I logged into the machine over SSH and ran a top, which revealed that the landscape-sysinfo process was the perpetrator consuming all of the system resources. A pstree revealed where it was situated:

init─┬─atd
     ├─cron
     ├─dhclient3
     ├─dovecot─┬─2*[dovecot-auth]
     │         ├─3*[imap-login]
     │         └─3*[pop3-login]
     ├─6*[getty]
     ├─master─┬─pickup
     │        └─qmgr
     ├─mountall
     ├─mysqld───11*[{mysqld}]
     ├─rsyslogd───3*[{rsyslogd}]
     ├─sshd─┬─sshd───sshd───bash
     │      ├─sshd───sshd───bash───top
     │      ├─sshd───sshd───bash───pstree
     │      └─sshd───sh───run-parts───50-landscape-sy───landscape-sys+
     ├─udevd───2*[udevd]
     ├─upstart-socket-
     ├─upstart-udev-br
     └─vsftpd

The offending process is listed here as the last child of sshd.
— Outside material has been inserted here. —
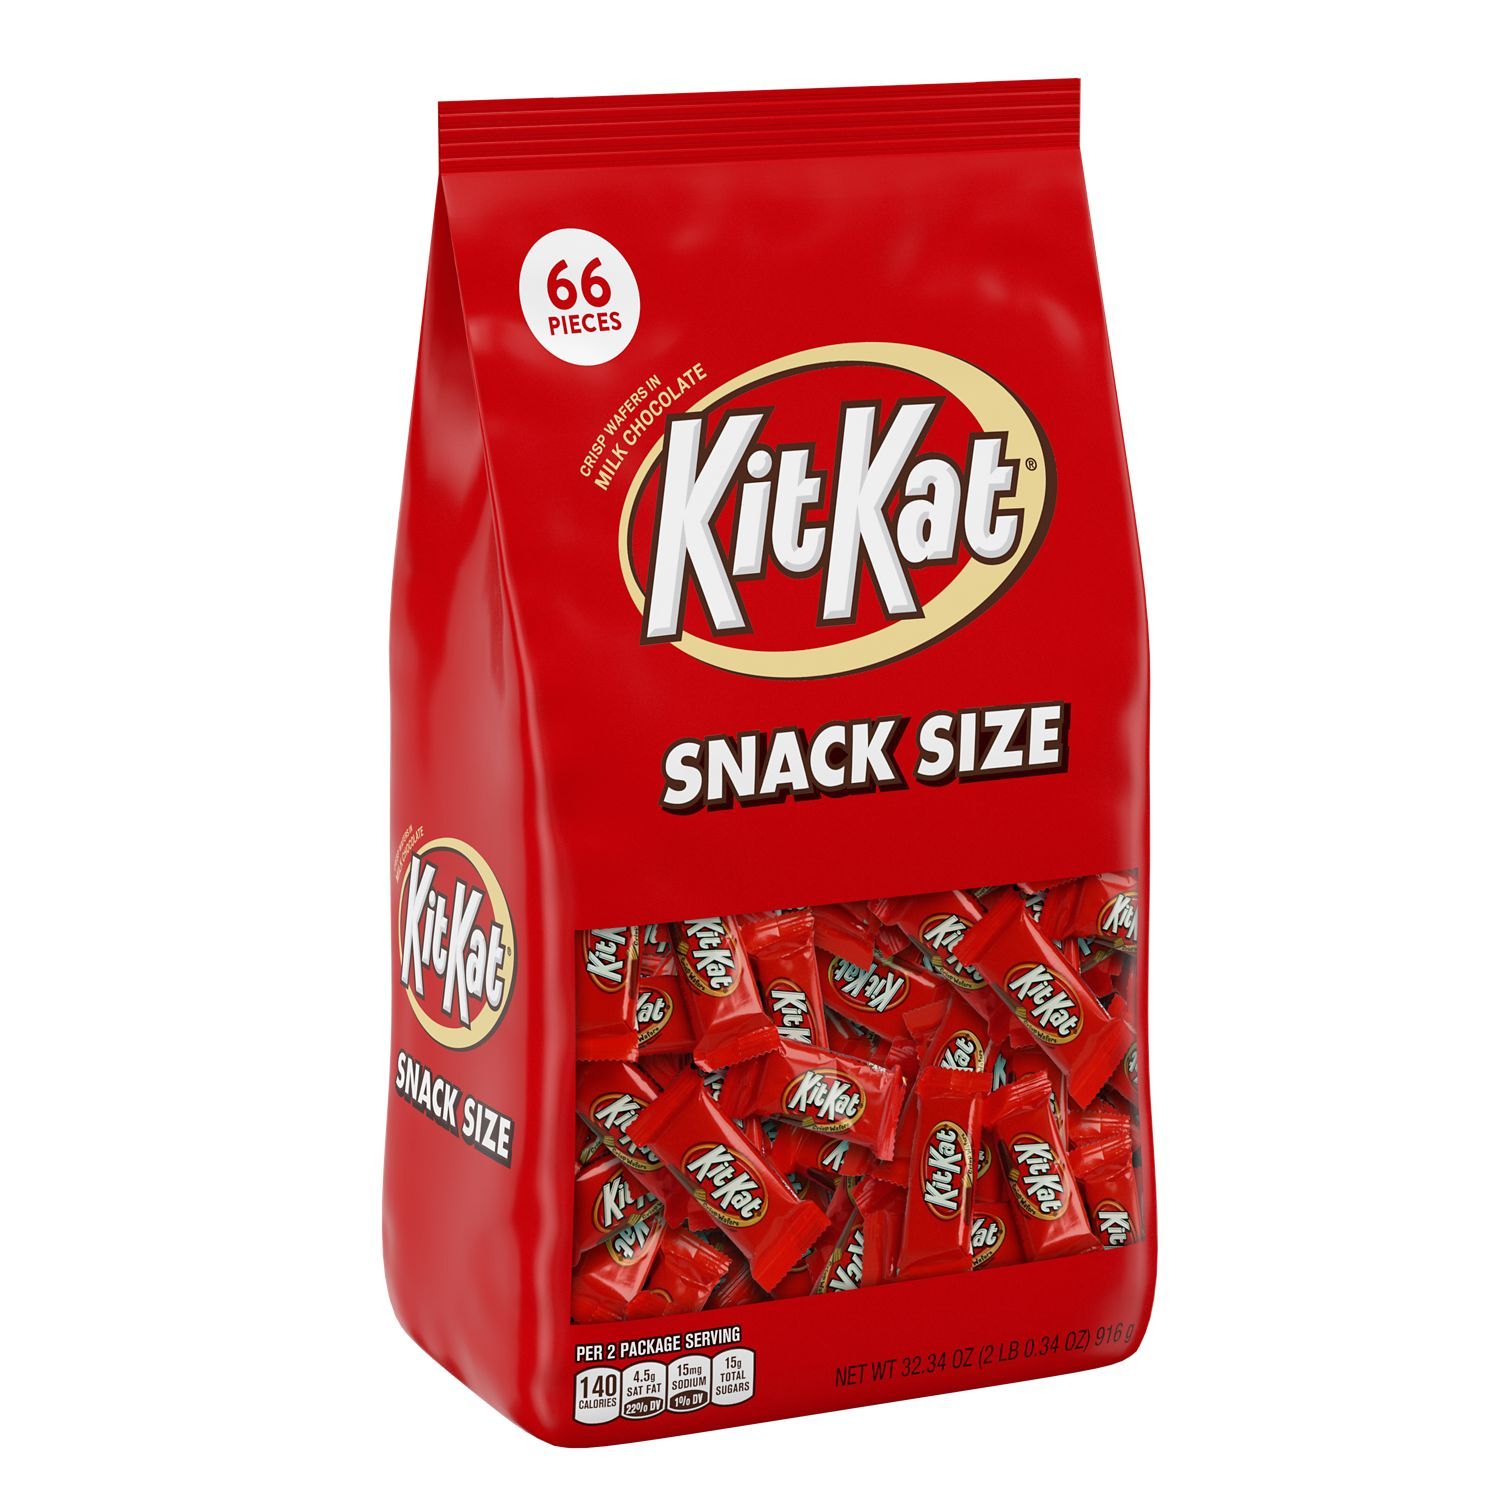 KIT KAT® Milk Chocolate Wafer Snack Size Candy Bars Bag - 32.34 oz (66 Pieces)

If I manually kill landscape-sysinfo, the machine returns to normal - until the process spontaneously respawns, usually a few moments later. (I can "vouch for" the other sshd processes in the above tree. They were legitimate.)

I have no idea why landscape-sysinfo is spawning itself randomly. I doubly have no idea why it's the child of sshd.

I'm obviously none too thrilled about having an SSH processes running on my machine that I can't account for. Initially I feared a breach/trojan/backdoor, so I ran chkrootkit and rkhunter, but they both came up clean.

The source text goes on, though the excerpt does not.